Леон Кладель - Атлет
— Раз, два!.. — приказал заморыш, взобравшись на край своей тележки и тщетно стараясь не потерять своих совершенно изношенных сандалий, — и тр — ри!
Мечтатель тут же спустился с небес и принялся за работу. Его движения были настолько же точны и непринужденны, на сколько речь скованна и туманна, взлеты его гирь — так же красноречивы, как бывают слова. Казалось, что руками жонглера создаются целые фразы, образы, цвет и рисунок. Вскоре зрители почувствовали, что он увлечен своим искусством; и со всех сторон послышались рукоплескания. А чугунные гири, которыми он так умело жонглировал, кружились над его головой или же падали с глухим стуком на его согнутые руки, украшенные прочными кожаными браслетами. Выдержанный и вместе с тем горячий, нисколько не щадящий себя, он вскоре запыхался, от него валил пар, он весь взмок от пота. Слышалось его частое, затрудненное дыхание. Грудь его порывисто поднималась и опускалась. Он старался совладать с усталостью, он не хотел уставать. Видно было, как вздувались мускулы и сухожилья на могучем теле, а смуглое лицо, которое порою выдавало тревогу, при каждом усилии заливалось краской.
Атлет упорно работал, скрывая свою муку, все время горделиво улыбался, и взгляд его, строгий и насмешливый, скользил по толпе. Он бросал, он ловил, выжимал свои стофунтовые гири, и после исполнения какого‑нибудь особенно трудного, мучительного номера, свысока смотрел на публику. Его лицо внезапно преображалось, оно дышало добродушным самодовольством, и это еще больше располагало к нему. В такие минуты силач походил на тех знаменитых актеров, которым свойственна известная театральная спесь: сыграв главную сцену и чувствуя прилив гордости, они всеми фибрами души взывают к публике: «Да аплодируйте же мне, курите мне фимиам! И сейчас же! Я требую!»
— Внимание! Сто чертей и одна ведьма! Внимание, еще на то будет! Внимание!

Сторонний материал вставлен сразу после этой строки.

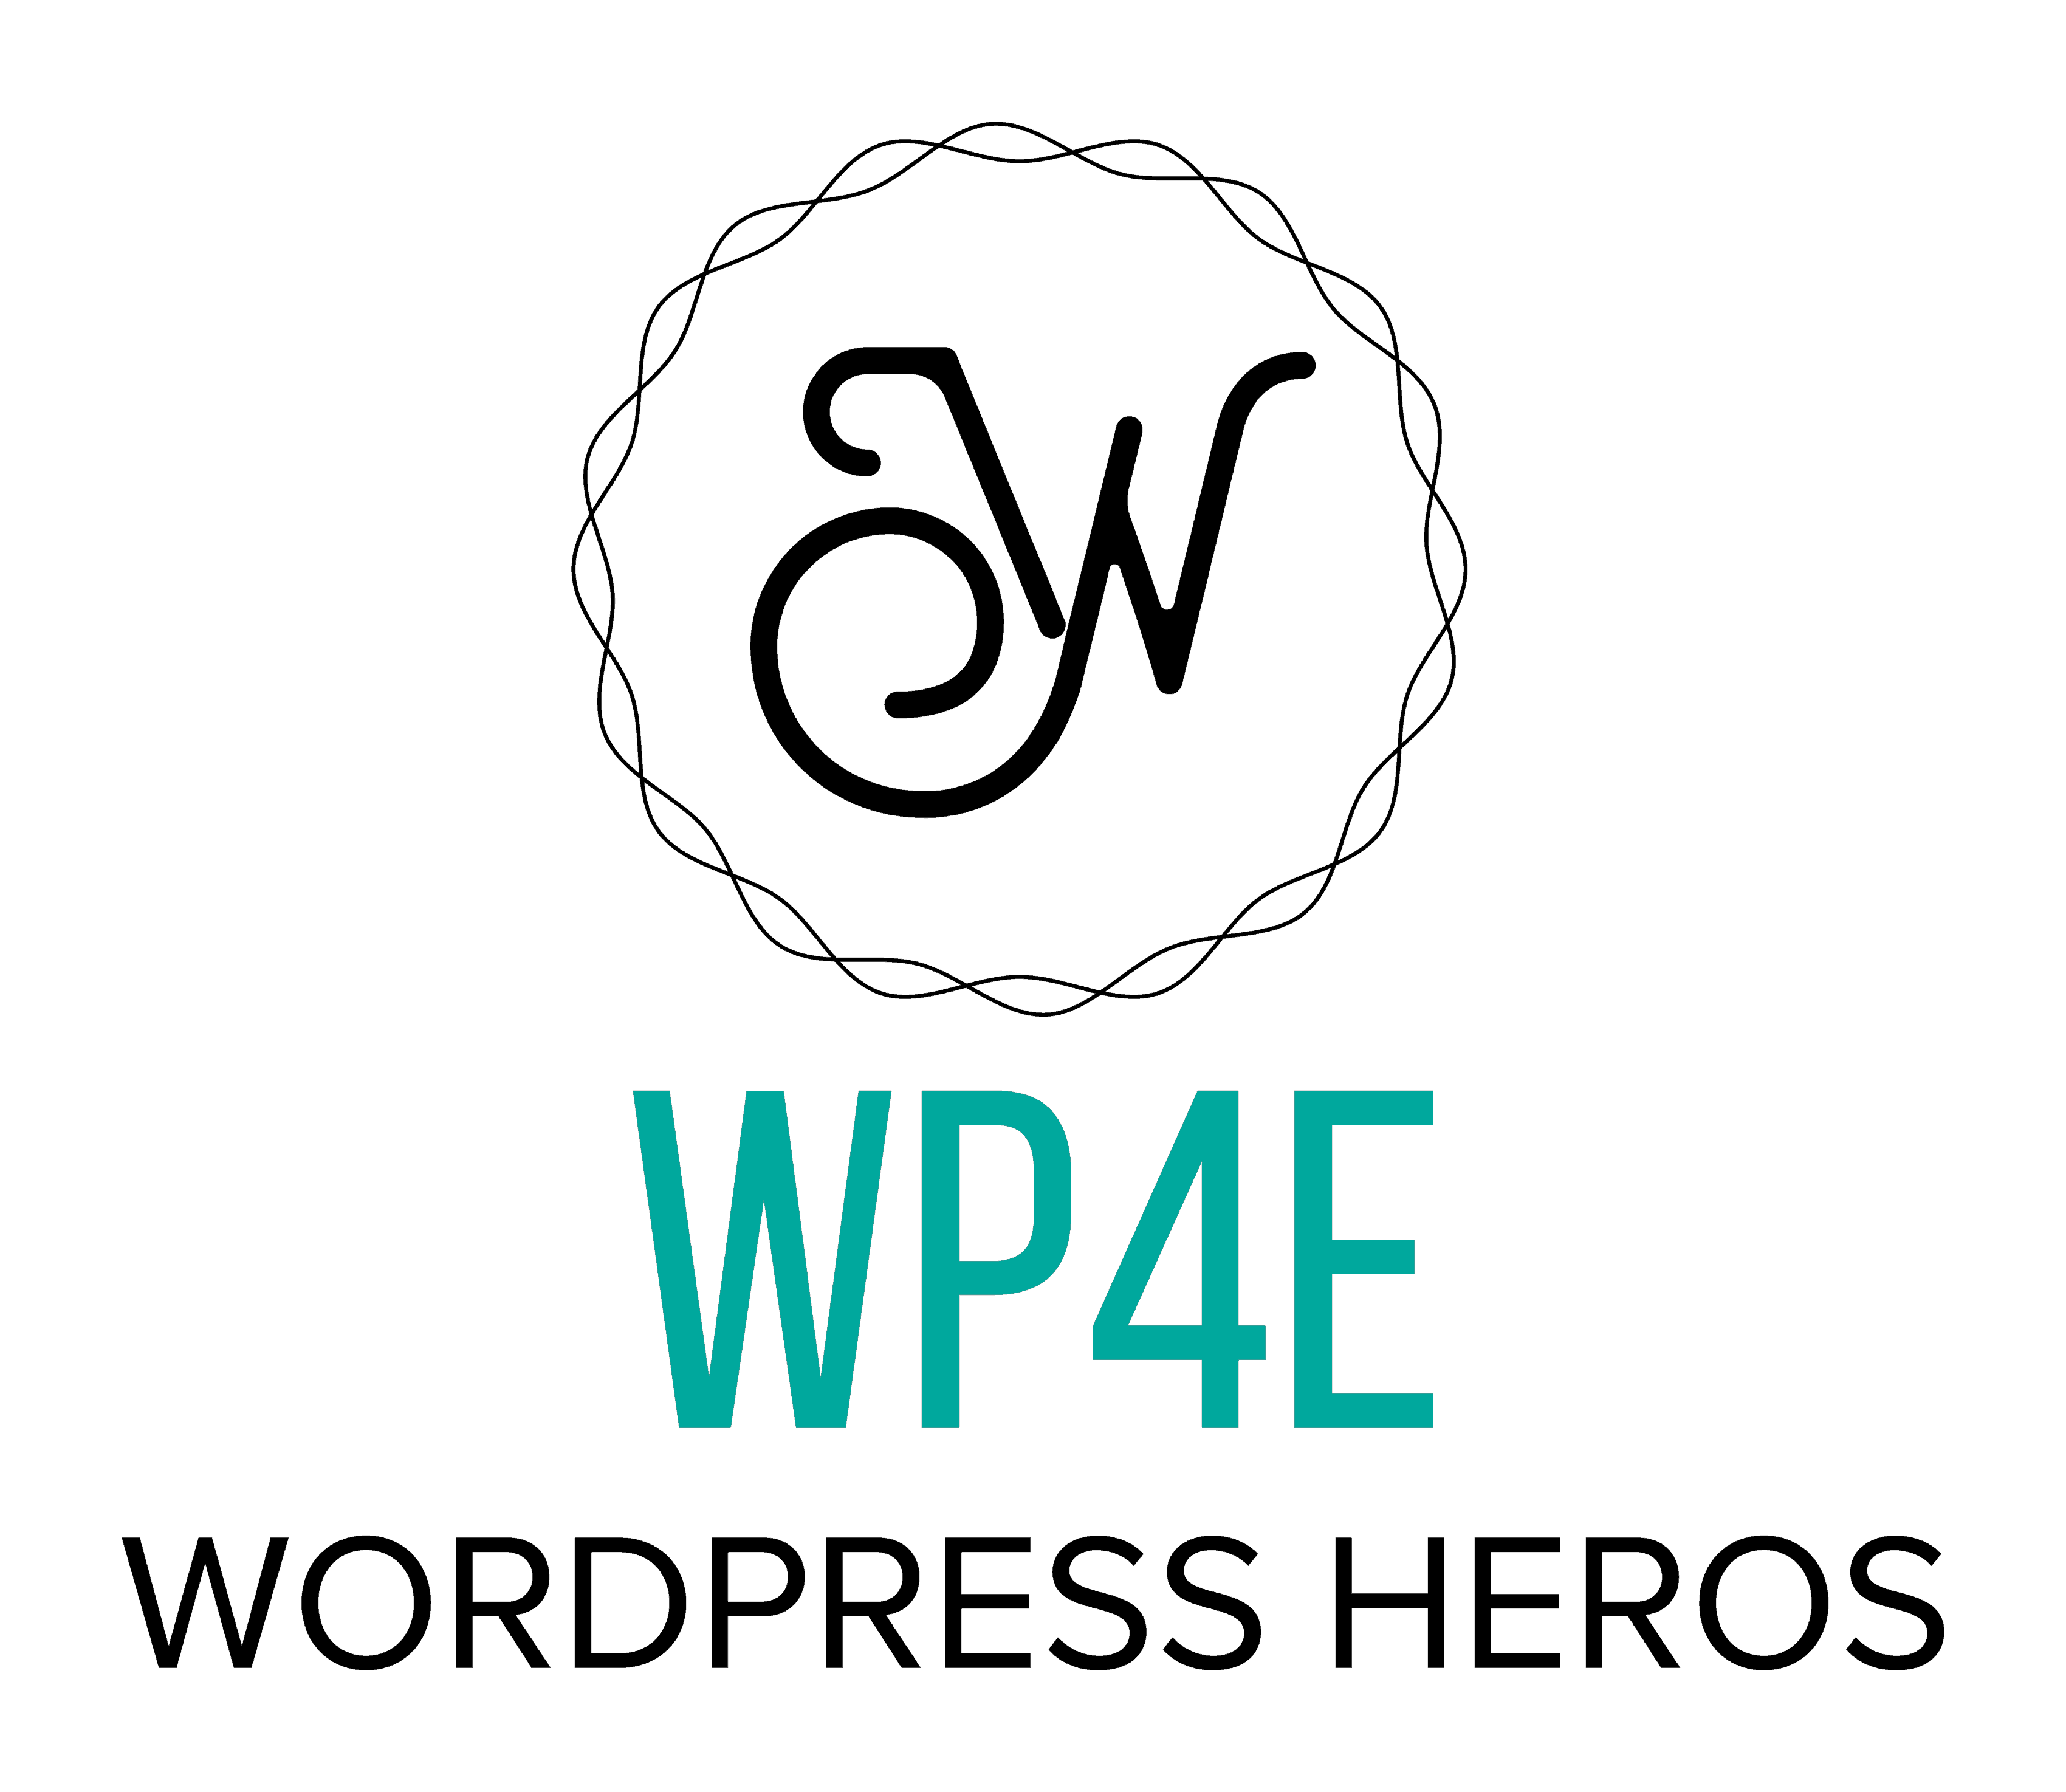 wp4e WP Heros

Пронзительная и горькая жалоба, которую издал треугольник, последовала за этими словами и проникла в самую глубину души зрителей. Скоморох вопил, бесновался, стучал, фыркал и пыхтел, топая в своем неистовстве ногами по дну тележки, меж тем как толпа восхищалась атлетом:
— Ну и молодчина!
Обливаясь потом, с разметавшимися волосами, вытянув вперед руки, стоял перед нею Цнелла. В зубах и на каждом мизинце держал он тяжести в пятьдесят килограммов, на голову поставил стокилограммовую гирю, к поясу подвязал такие же гири, которые болтались из стороны в сторону по его крутым смуглым бедрам, не менее массивным, чем бронзовые колонны.
Он два раза обошел зрителей, окруживших его кольцом. Несмотря на свои тяжелые чугунные подвески, он шел величаво, такой легкой походкой, словно нес на себе мелкие яблоки. Все время, пока он работал, сильно помятый корнет — а-пистон зазывалы аккомпанировал ему, как духовой оркестр.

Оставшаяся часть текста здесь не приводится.